I am using a set comprehension to generate a subset at each iteration, and I convert this subset into a frozenset so I can add it to ps (power set). Otherwise, I won't be able to add it because a set in Python consists only of immutable objects.

Simplification

You can simplify the code using some python comprehensions, so you can get rid of those for loops. You can also use zip to avoid using j index and the code will end up as the following:

def power_set(A):
    length = len(A)
    return {
        frozenset({e for e, b in zip(A, f'{i:{length}b}') if b == '1'})
        for i in range(2 ** length)
    }

That's it.

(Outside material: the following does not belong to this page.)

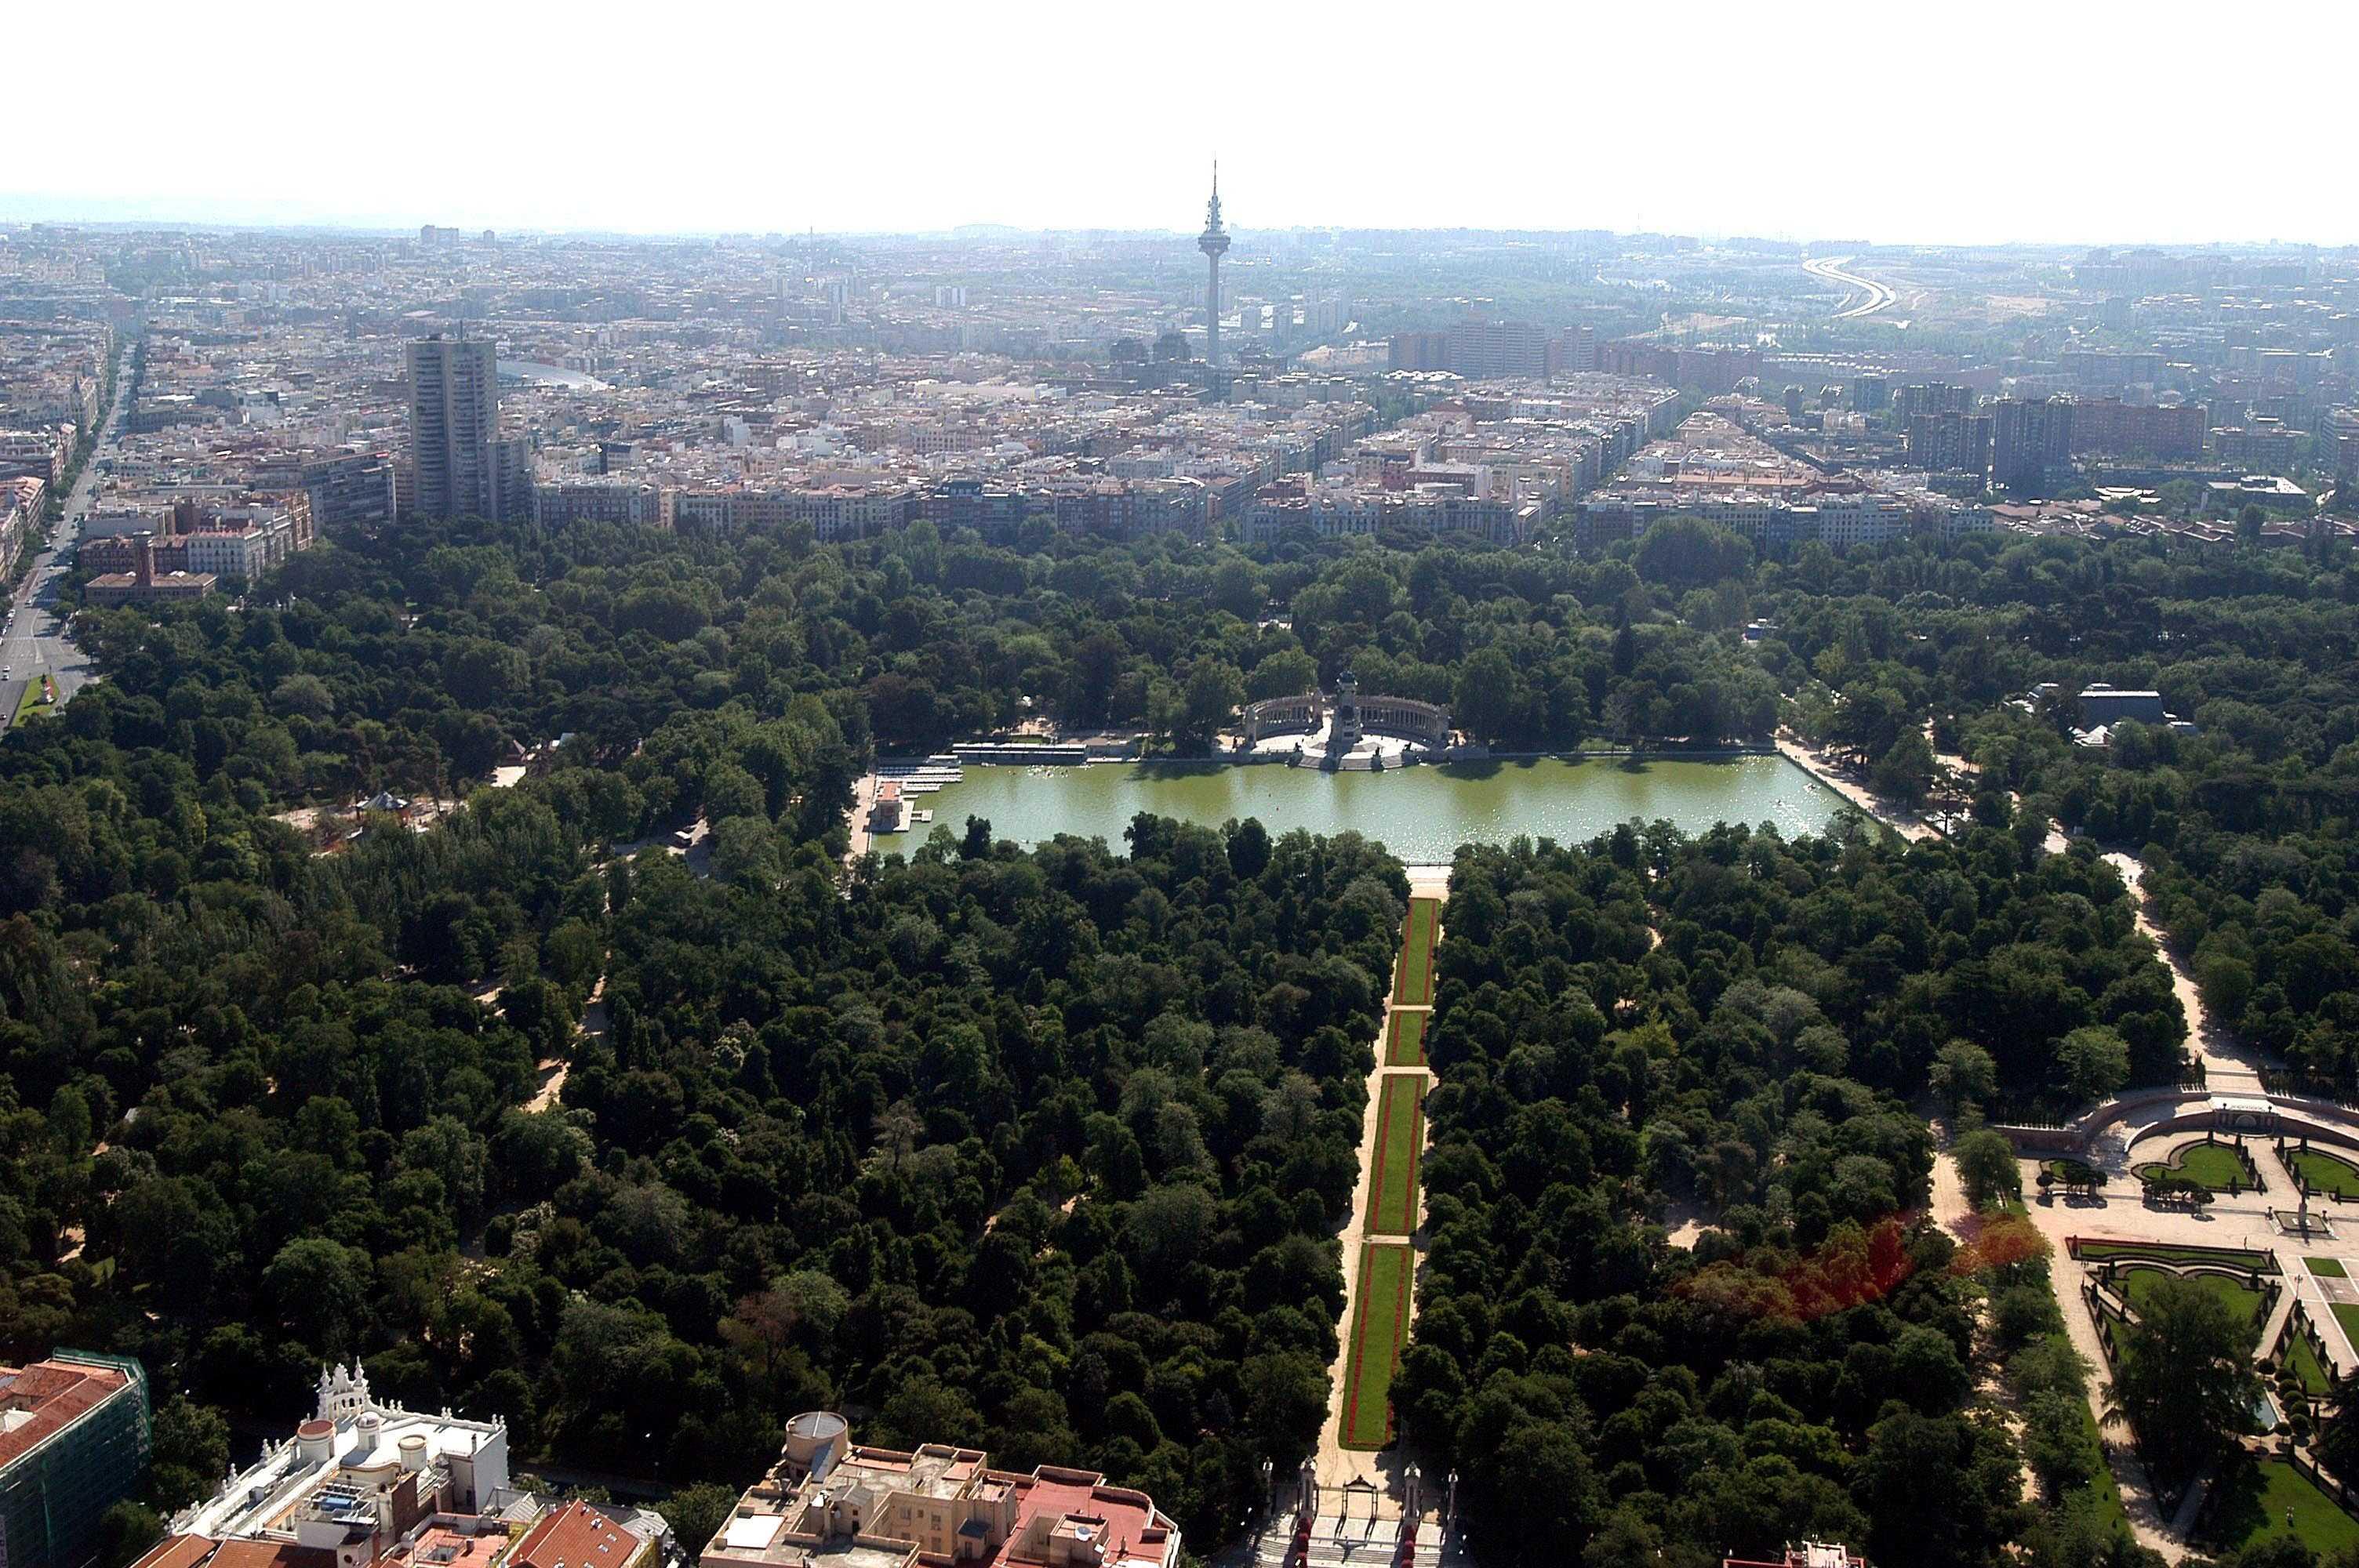 El retiro y el prado en la lista para ser patrimonio for Parques de madrid espana

What I like of this algorithm is that is clearer and more intuitive than others because it looks quite magical to rely on itertools even though it works as expected.


I have found the following algorithm very clear and simple:

def get_powerset(some_list):
    """Returns all subsets of size 0 - len(some_list) for some_list"""
    if len(some_list) == 0:
        return [[]]

    subsets = []
    first_element = some_list[0]
    remaining_list = some_list[1:]
    # Strategy: get all the subsets of remaining_list. For each
    # of those subsets, a full subset list will contain both
    # the original subset as well as a version of the subset
    # that contains first_element
    for partial_subset in get_powerset(remaining_list):
        subsets.append(partial_subset)
        subsets.append(partial_subset[:] + [first_element])

    return subsets

Another way one can generate the powerset is by generating all binary numbers that have n bits. As a power set the amount of number with n digits is 2 ^ n. The principle of this algorithm is that an element could be present or not in a subset as a binary digit could be one or zero but not both.

def power_set(items):
    N = len(items)
    # enumerate the 2 ** N possible combinations
    for i in range(2 ** N):
        combo = []
        for j in range(N):
            # test bit jth of integer i
            if (i >> j) % 2 == 1:
                combo.append(items[j])
        yield combo

I found both algorithms when I was taking MITx: 6.00.2x Introduction to Computational Thinking and Data Science, and I consider it is one of the easiest algorithms to understand I have seen.